───── DATA SEGMENT ─────

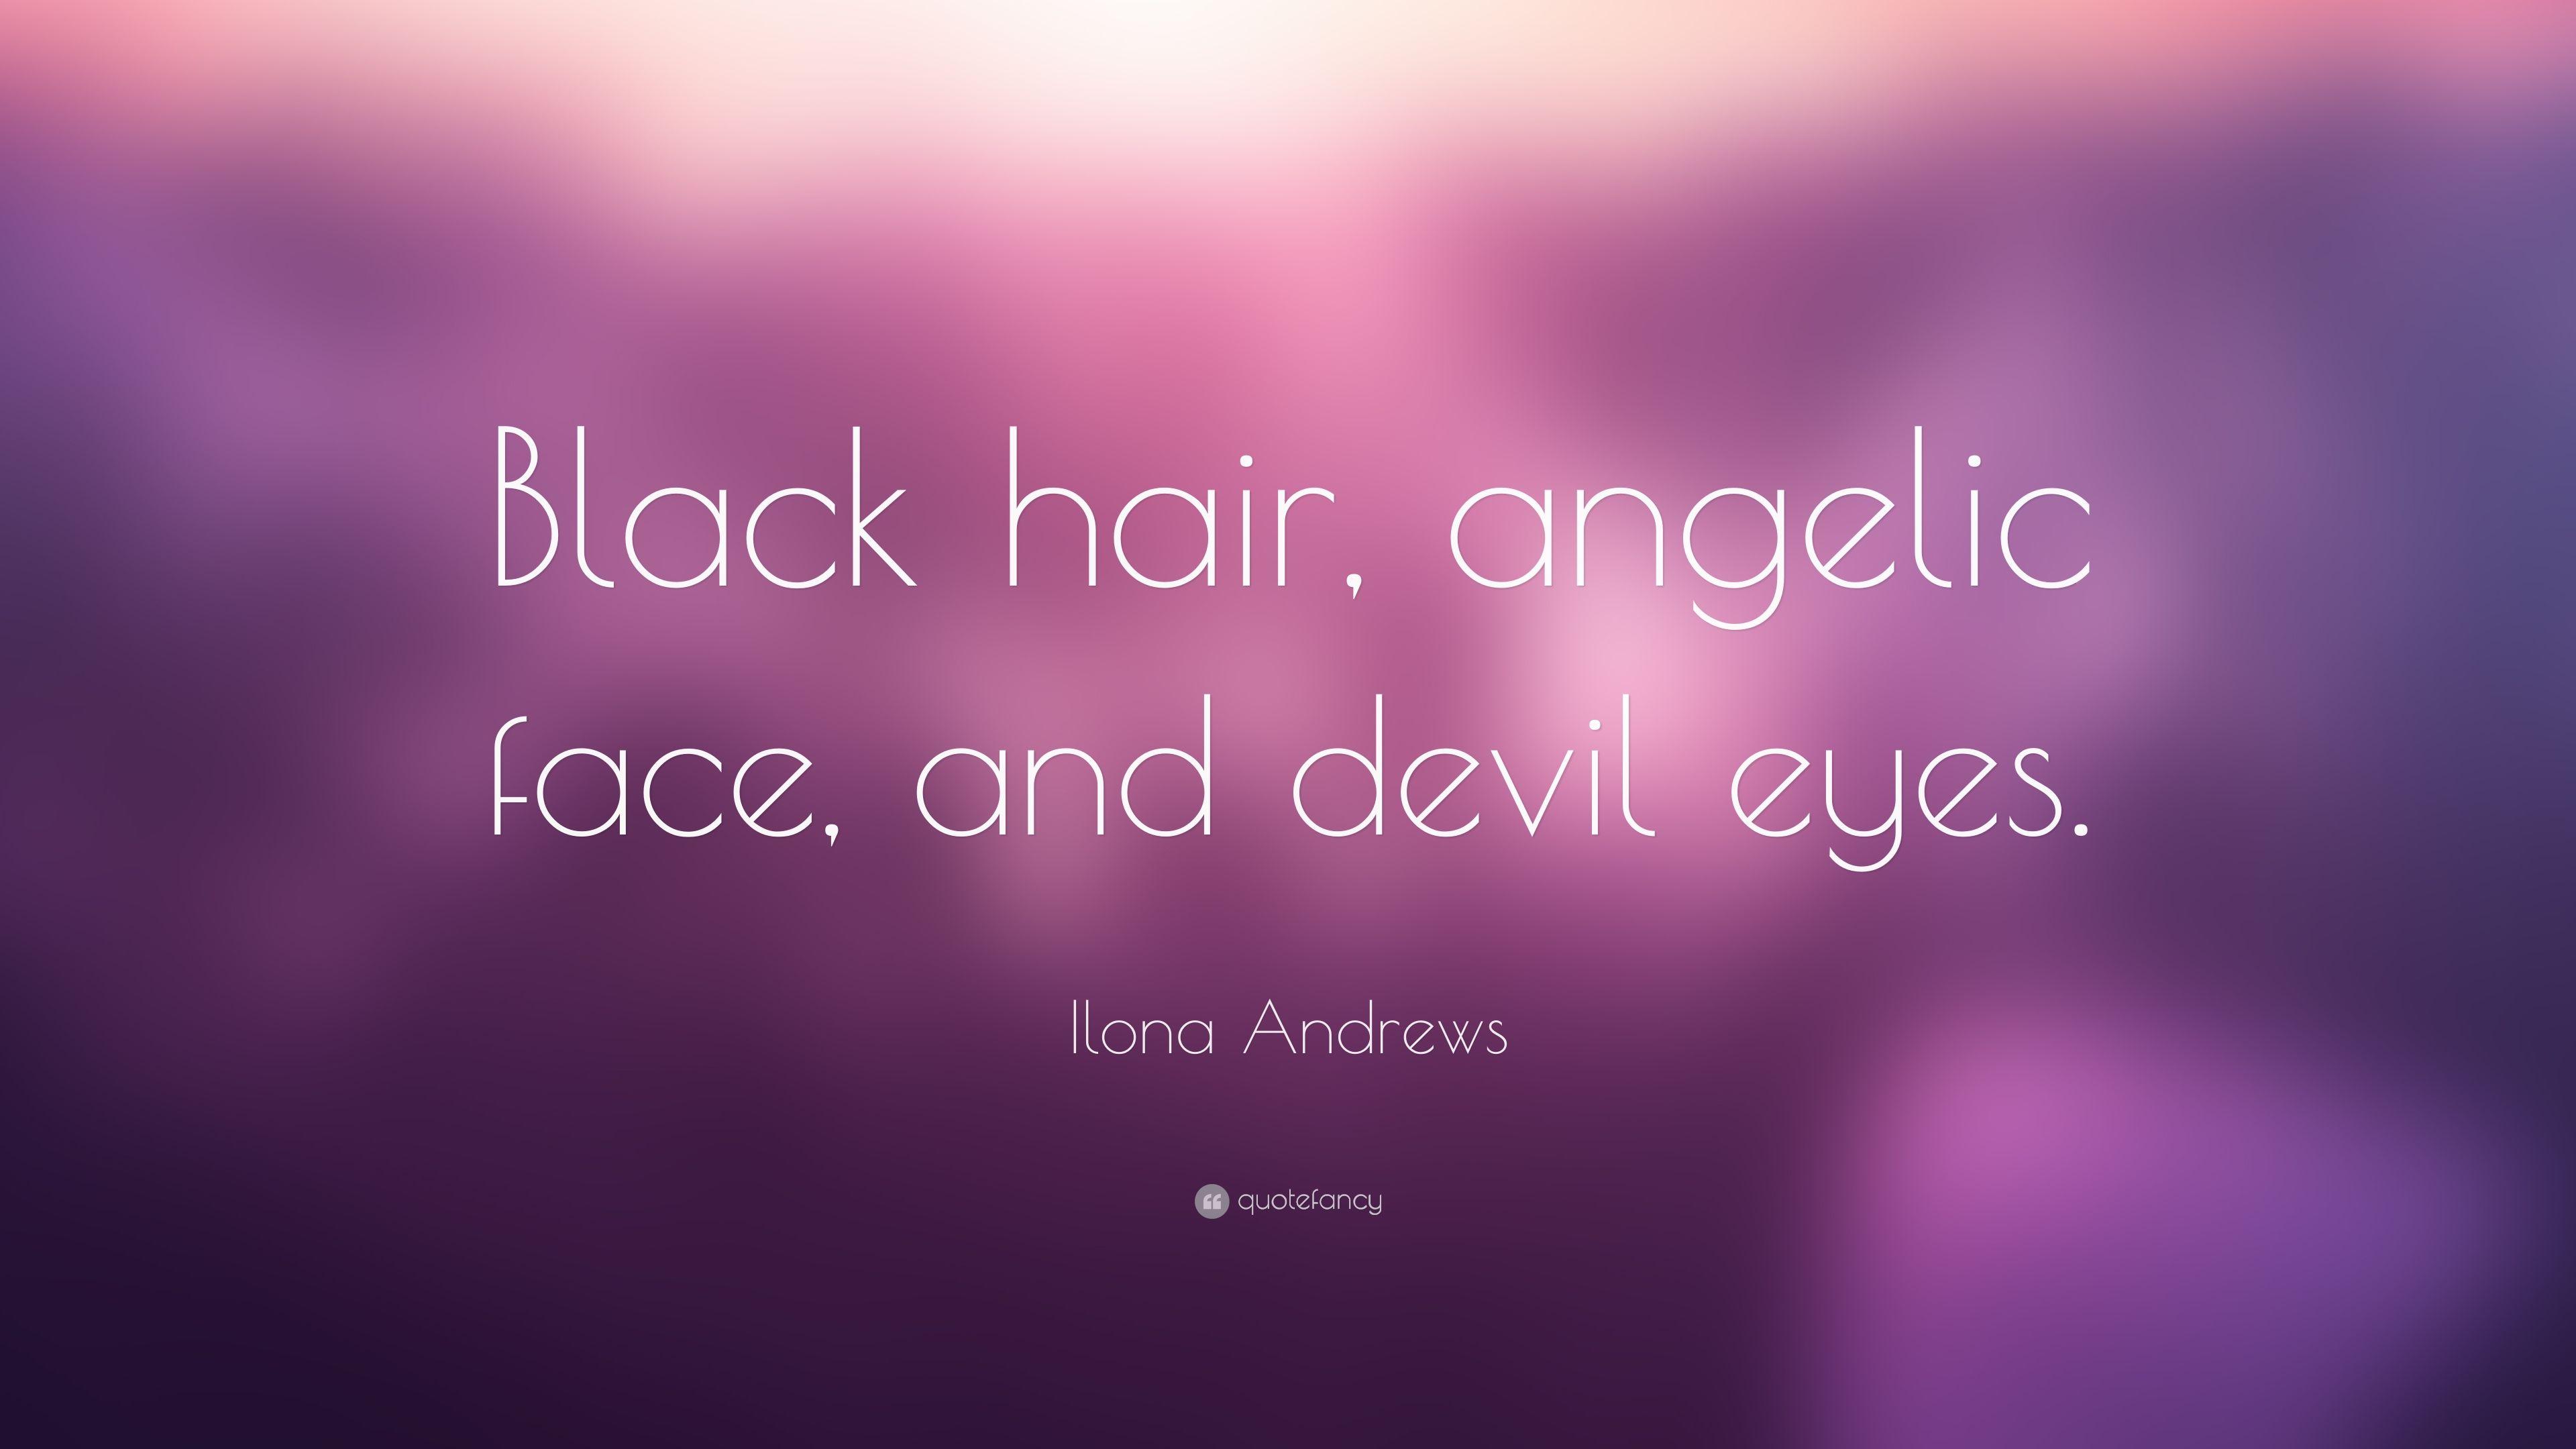 Ilona Andrews Quote: “Black hair, angelic face, and devil
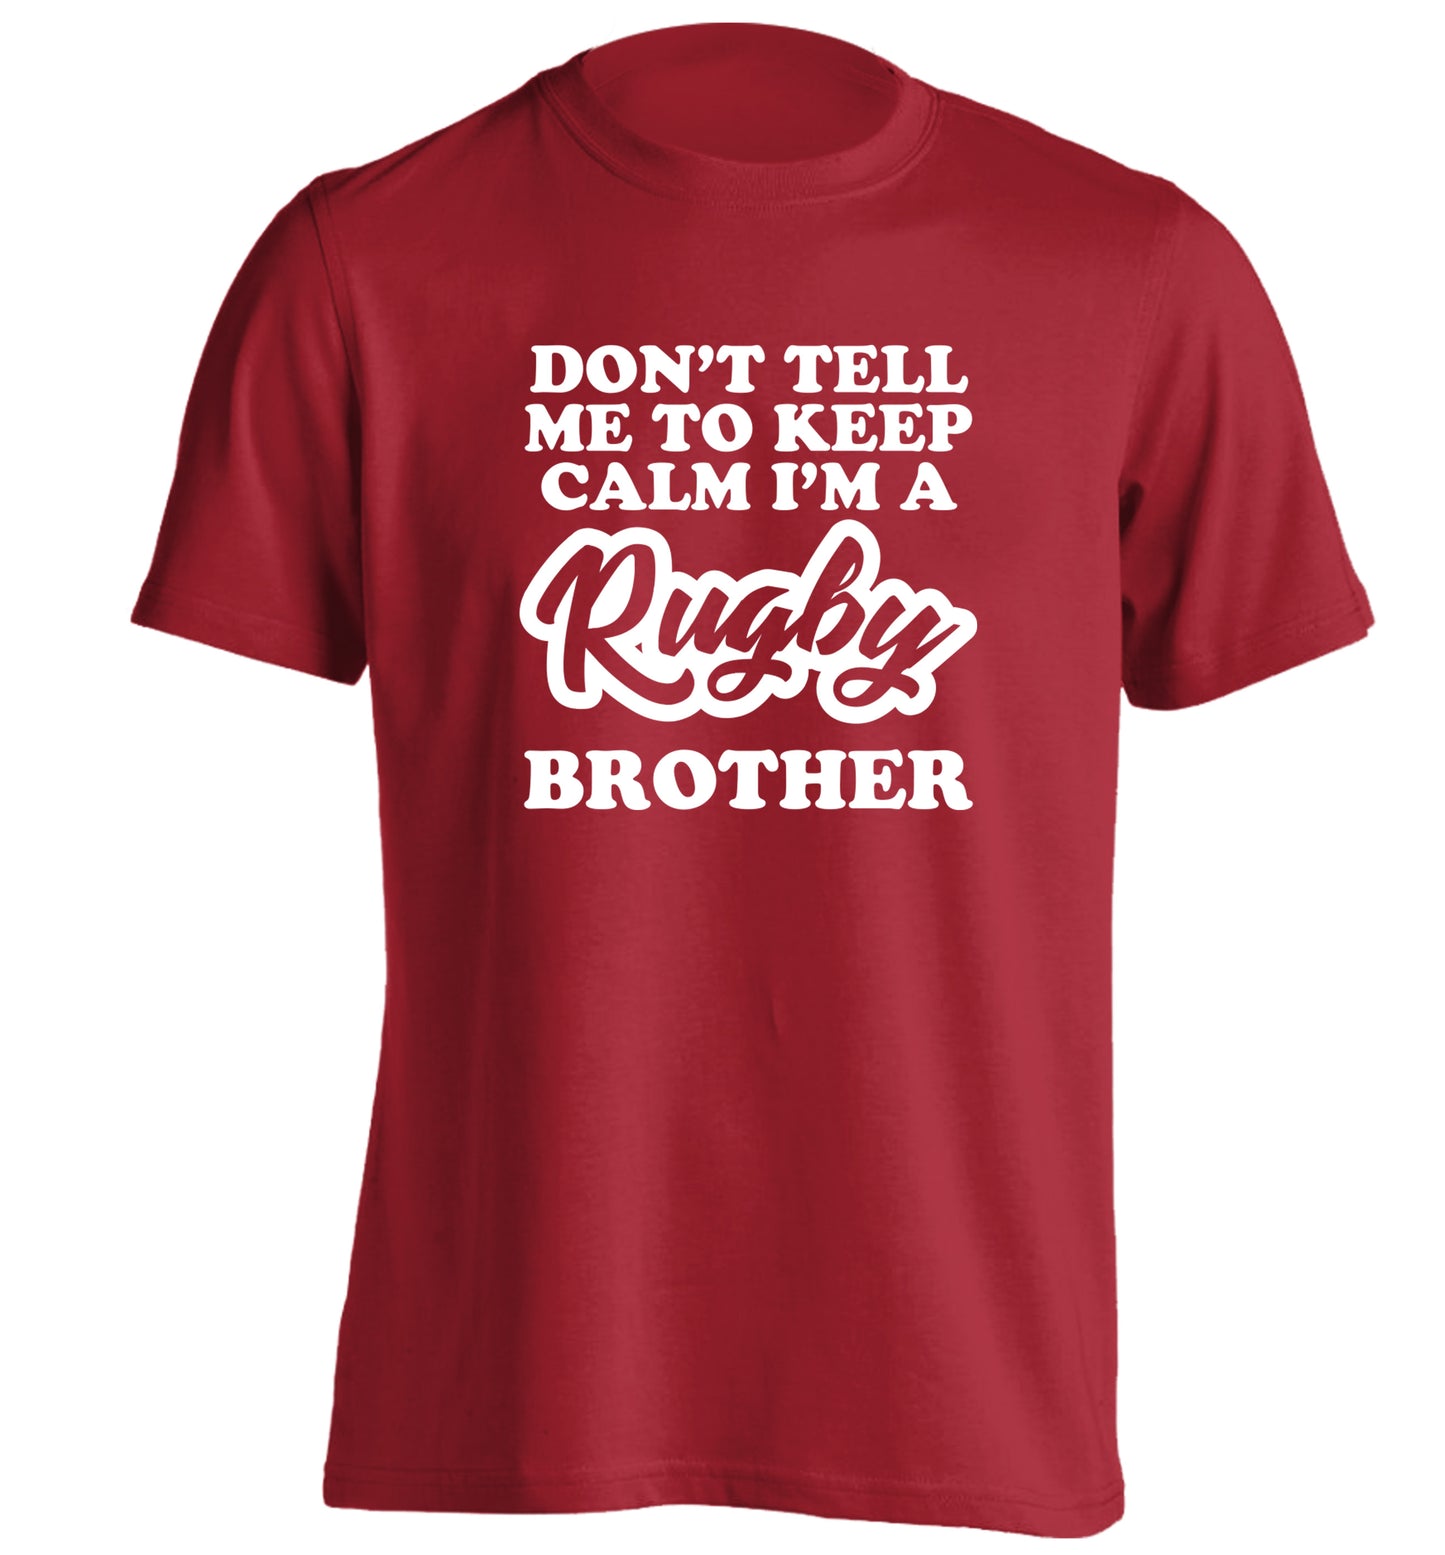 Don't tell me keep calm I'm a rugby brother adults unisex red Tshirt 2XL
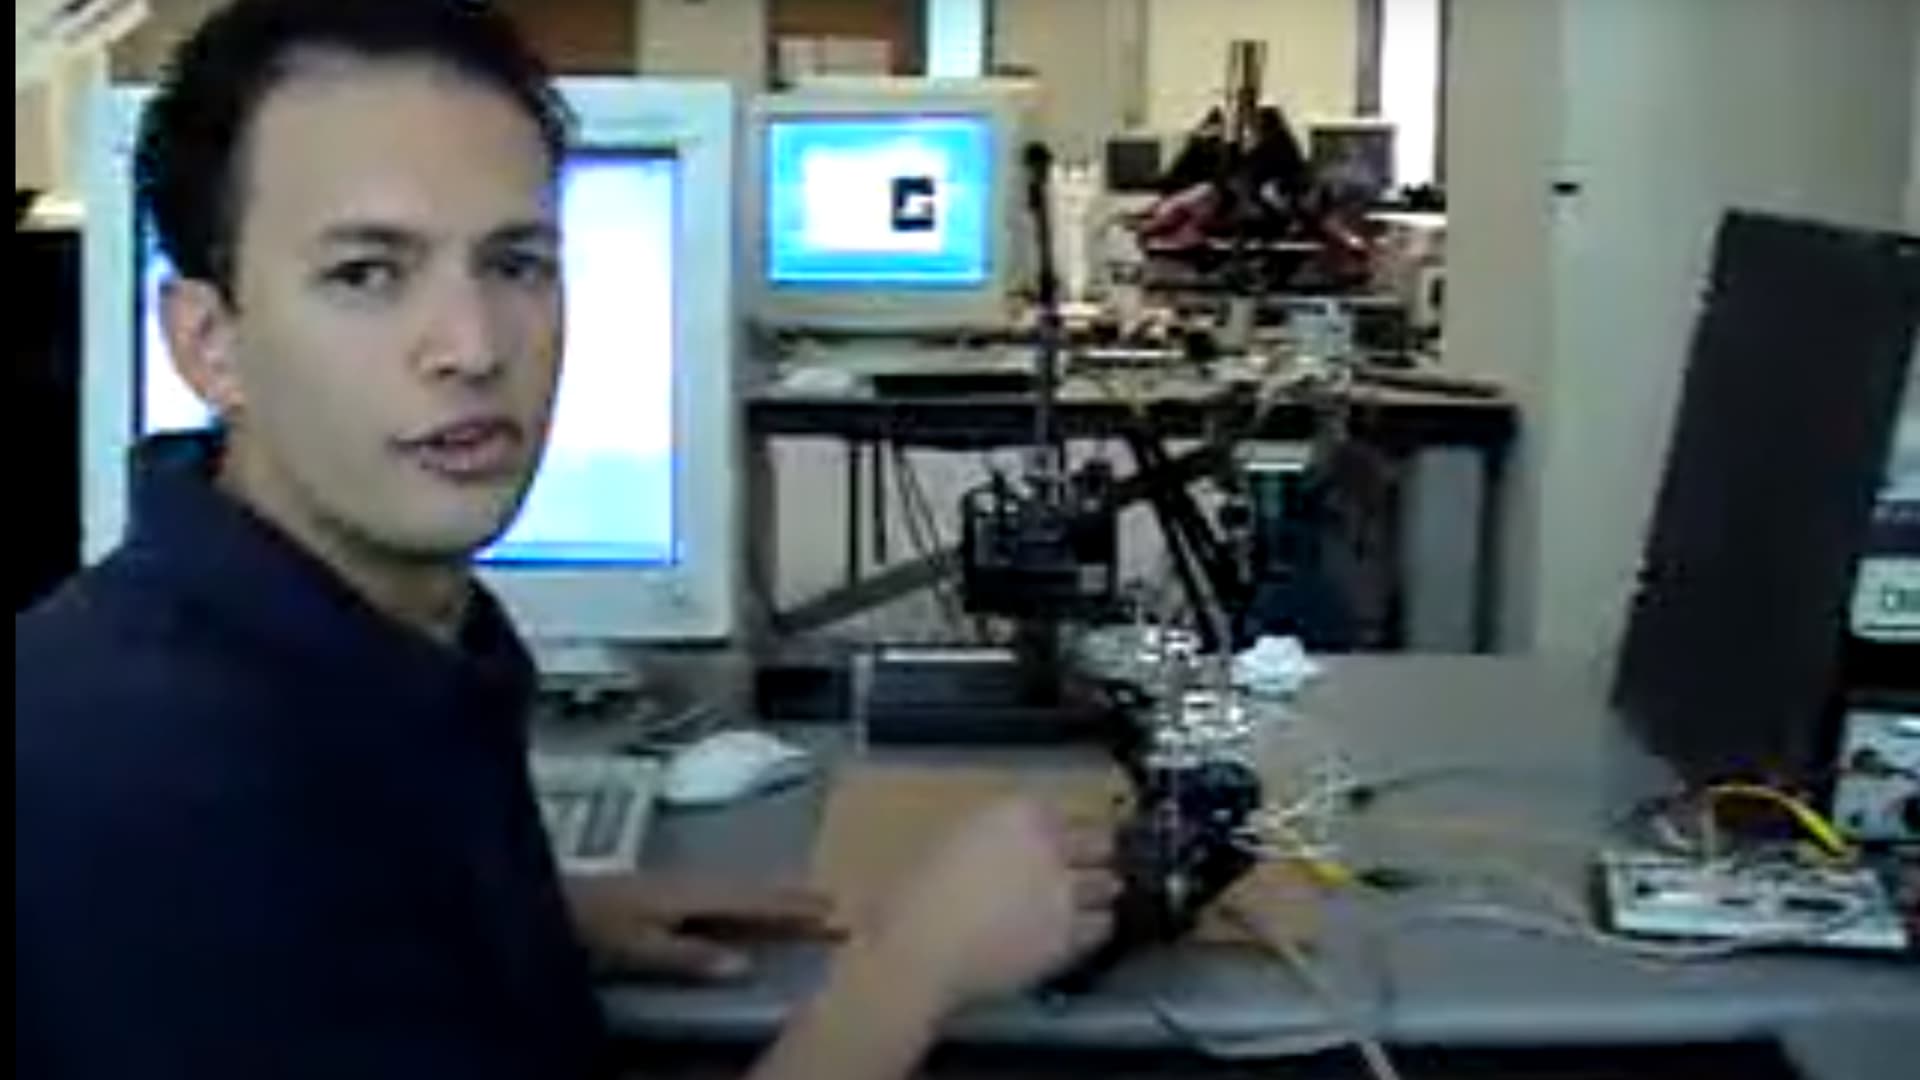 Selinger, in college, presenting a force-feedback robot research project at Stanford's robotics lab.

─────

PROBLEM DETAILS |
Leave out every picture and write out exactly the lines running from the line containing "Don't tell me" to the end of the listing above.

FINISHED EXERCISE |
 Don't tell me keep calm I'm a rugby brother adults unisex red Tshirt 2XL
 Selinger, in college, presenting a force-feedback robot research project at Stanford's robotics lab.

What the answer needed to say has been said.